- Kubly in 1956
- Born: Herbert Oswald Nicholas Kubly April 26, 1915 New Glarus, Wisconsin
- Died: August 7, 1996 (aged 81) New Glarus, Wisconsin
- Occupations: Author, playwright
- Spouse: Emily Lee Hill
- Writing career
- Notable work: American in Italy
- Notable awards: National Book Award for Nonfiction, 1956

= Herbert Kubly =

American author and playwright

Herbert Oswald Nicholas Kubly (April 26, 1915 – August 7, 1996) was an American author and playwright. For his first book, American in Italy, he won the 1956 U.S. National Book Award for Nonfiction.

==Biography==
Kubly was born and raised on a farm in the Swiss American community of New Glarus, Wisconsin. He received a bachelor's degree from the University of Wisconsin School of Journalism in 1937. His first professional work as a journalist was for the Pittsburgh Sun-Telegraph. He later wrote for the New York Herald Tribune.

His first play, Men to the Sea, was produced on Broadway in 1944. Between 1945 and 1947 he served as the music critic for Time magazine.

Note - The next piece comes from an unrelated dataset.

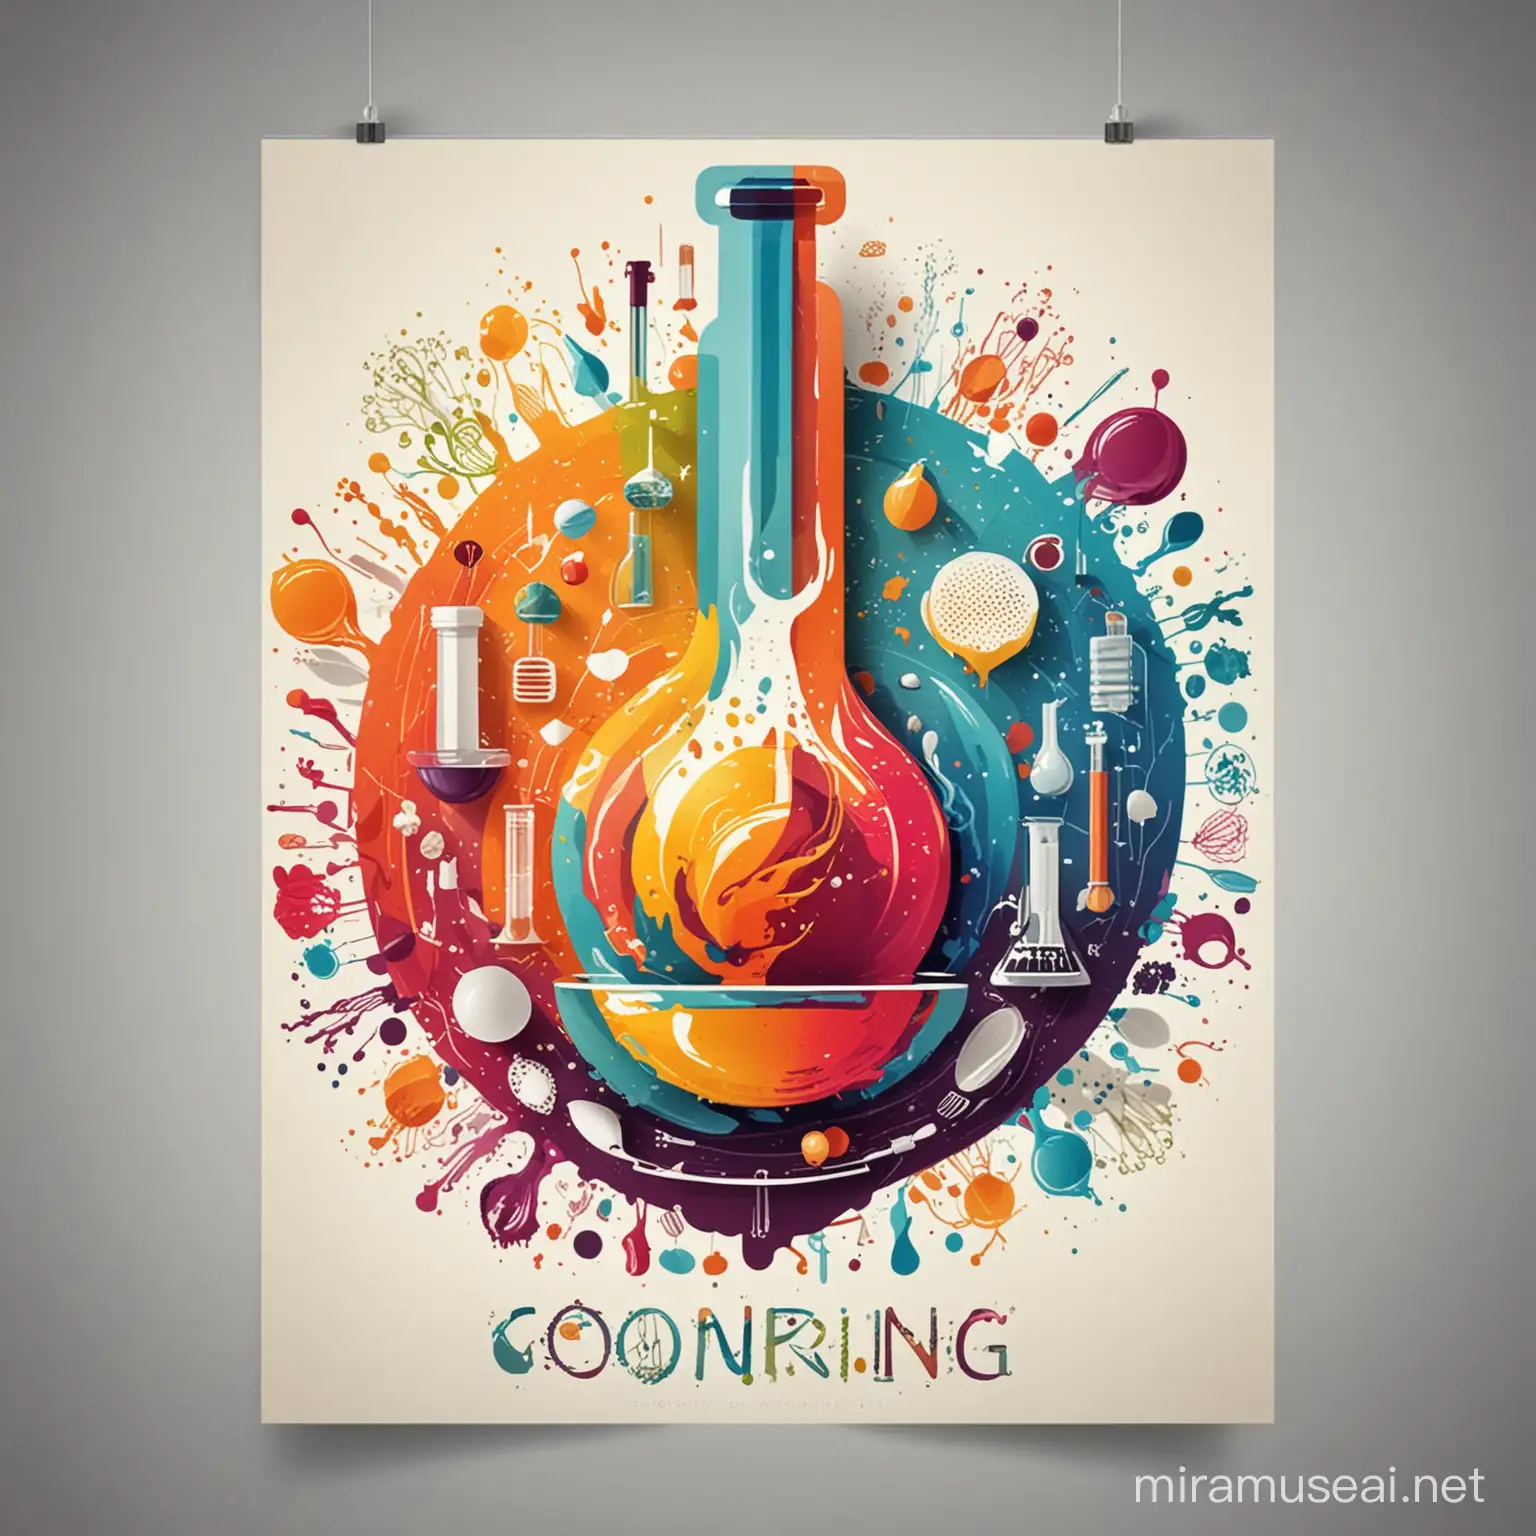 imagen abstracta con temática de cocina, laboratorio e innovación . diseño poster creativo y colorido

In 1950 Kubly became an associate professor of speech at the University of Illinois, but he left that position to accept a Fulbright grant to Italy, where he spent 18 months in 1950–1951. He taught creative writing at San Francisco State College in the 1960s. From 1969 to 1984, he was an English professor and writer-in-residence at the University of Wisconsin–Parkside.

He married Emily Lee Hill in 1989. He died in New Glarus at age 81.

==Legacy==
The University of Wisconsin–Parkside English Department established the Herbert Kubly Writing Award in 1996 in Kubly's memory.

==Books==
- American in Italy - 1955
- Easter in Sicily - 1956
- Varieties of Love (stories) - 1958
- Italy (Life World Library) - 1961
- The Whistling Zone (novel) - 1963
- At Large (autobiographical) - 1964
- Switzerland (Life World Library) - 1964
- Gods and Heroes - 1969
- The Duchess of Glover (novel) - 1975
- Native's Return - 1981
- The Parkside Stories - 1985

==Plays==
- Men to the Sea - 1944
The story concerns the wives of five sailors, who live at a boarding house in Brooklyn, New York while their husbands are away at sea.
- Inherit the Wind, with Waldemar Hansen - 1946
A psychological drama set in Philadelphia in 1903. A production opened in London circa 1948. (Not the play of the same name by Jerome Lawrence and Robert E. Lee.)
- Punch and Judy - 1948
About the United Nations and the possibility of world organization.
- The Cocoon - 1954
Produced in London.
- Beautiful Dreamer - 1956
A comedy about a striptease artist trying to escape the police.